▶ **EXERCISE AIM**
Below are the records; repeat exactly their lines between the line holding "MIL-MOTB-S-013S" and the line holding "Naturalizer Ladies Slingbacks, Medium", inclusive, skipping the pictures.

▶ **EXTRACTED MATERIAL**
****************************************
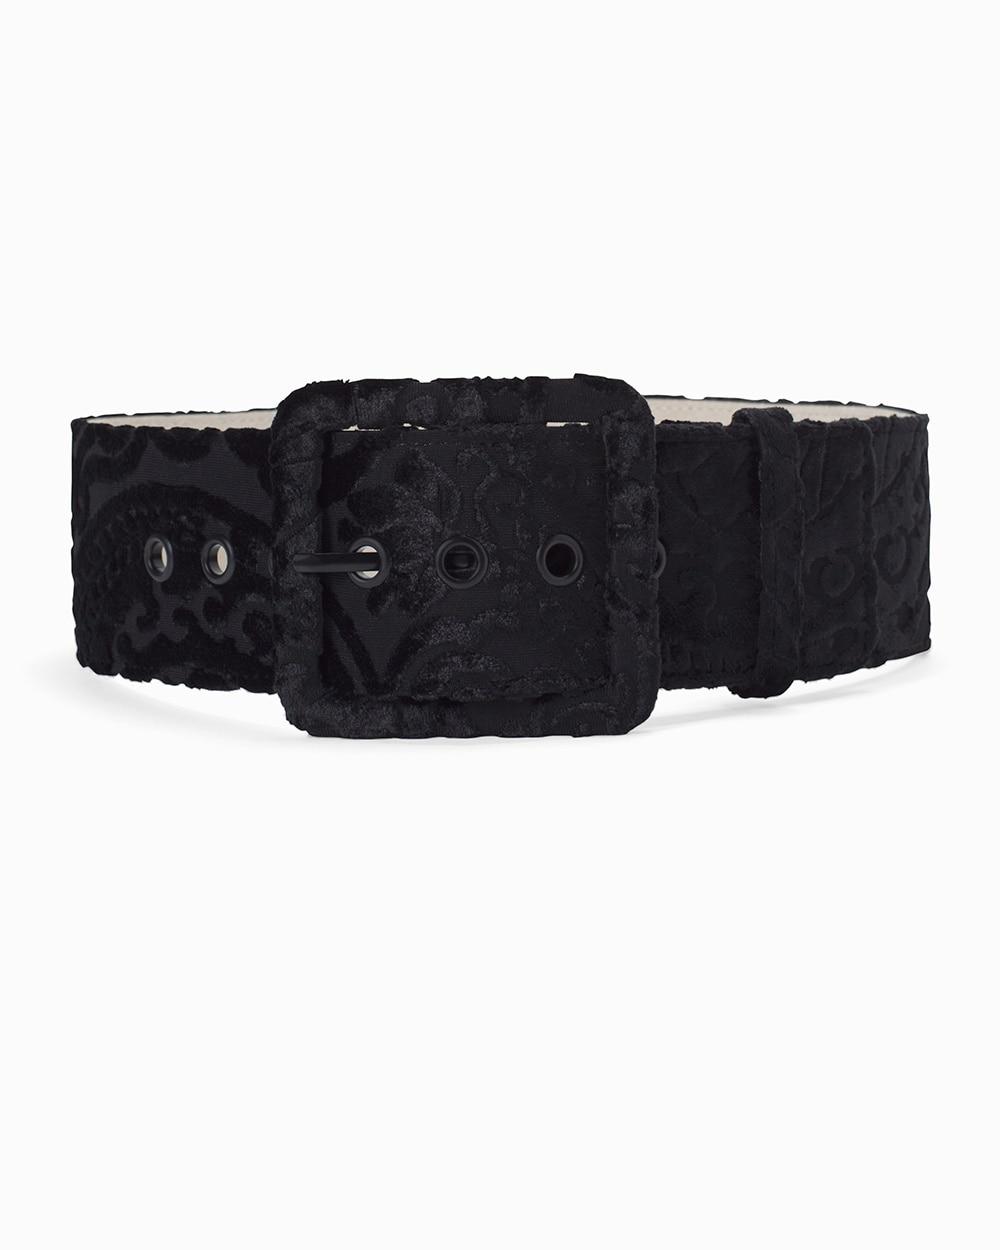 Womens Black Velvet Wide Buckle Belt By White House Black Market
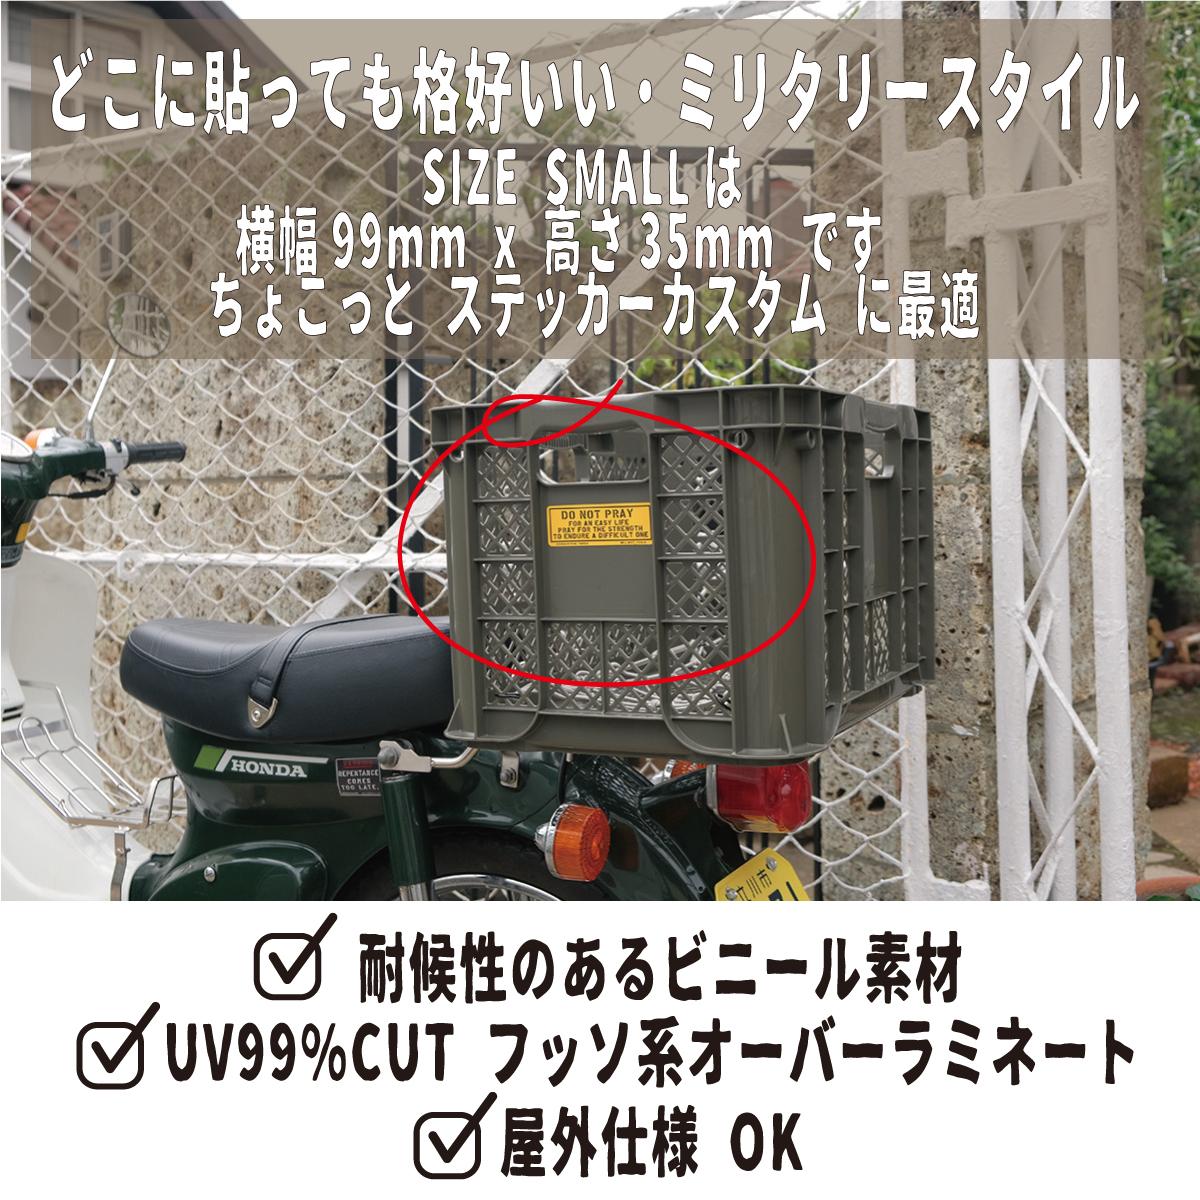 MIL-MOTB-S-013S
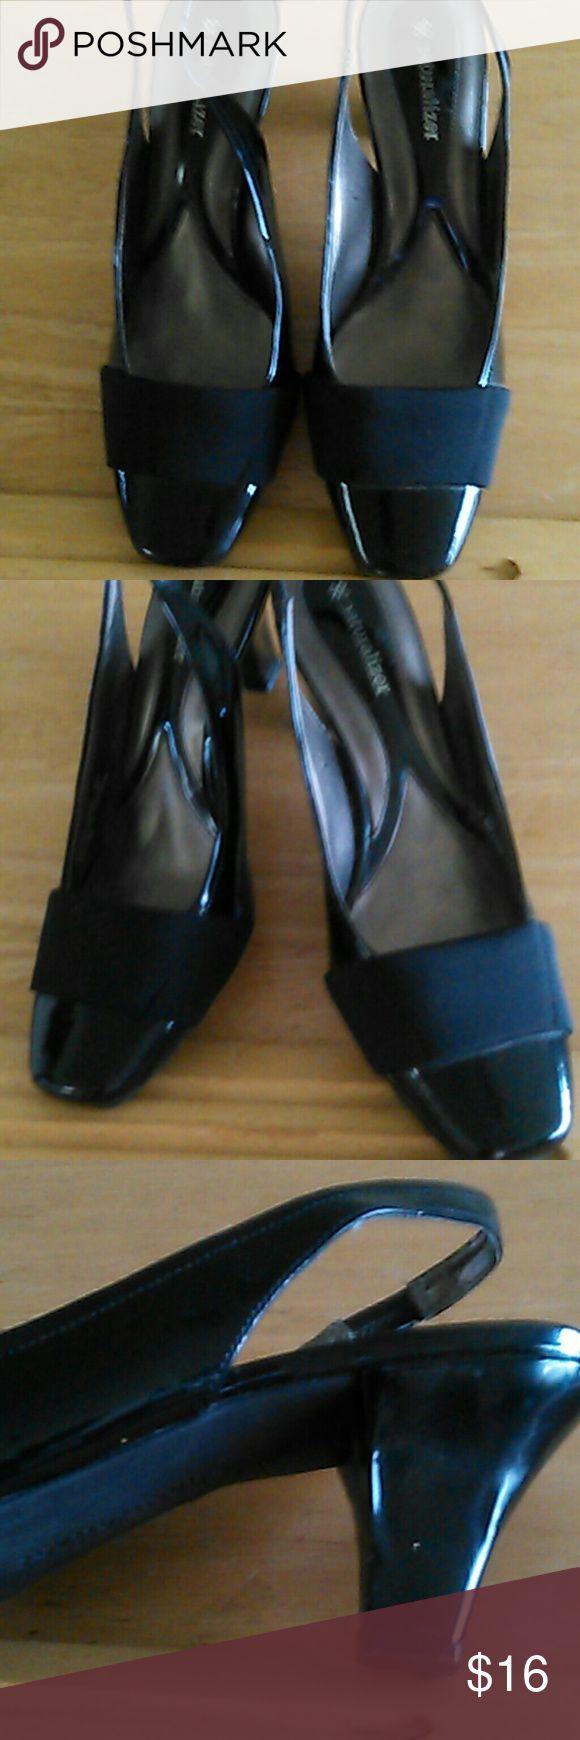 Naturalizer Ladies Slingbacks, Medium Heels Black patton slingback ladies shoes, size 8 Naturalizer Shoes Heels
****************************************
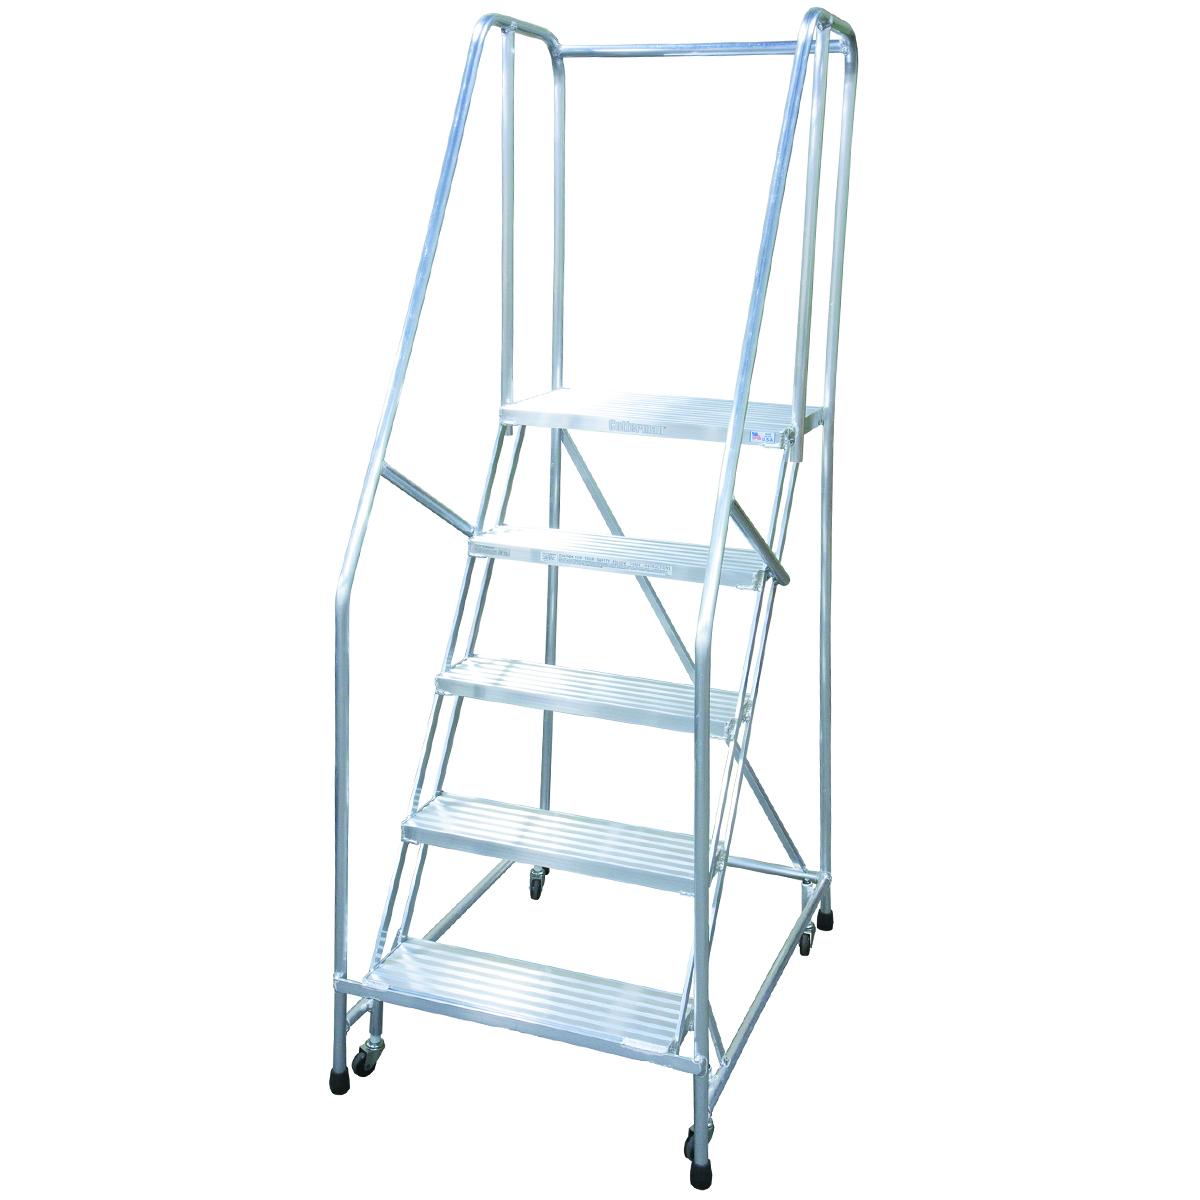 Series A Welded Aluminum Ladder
****************************************
▶ **ANSWER**
 MIL-MOTB-S-013S
 Naturalizer Ladies Slingbacks, Medium Heels Black patton slingback ladies shoes, size 8 Naturalizer Shoes Heels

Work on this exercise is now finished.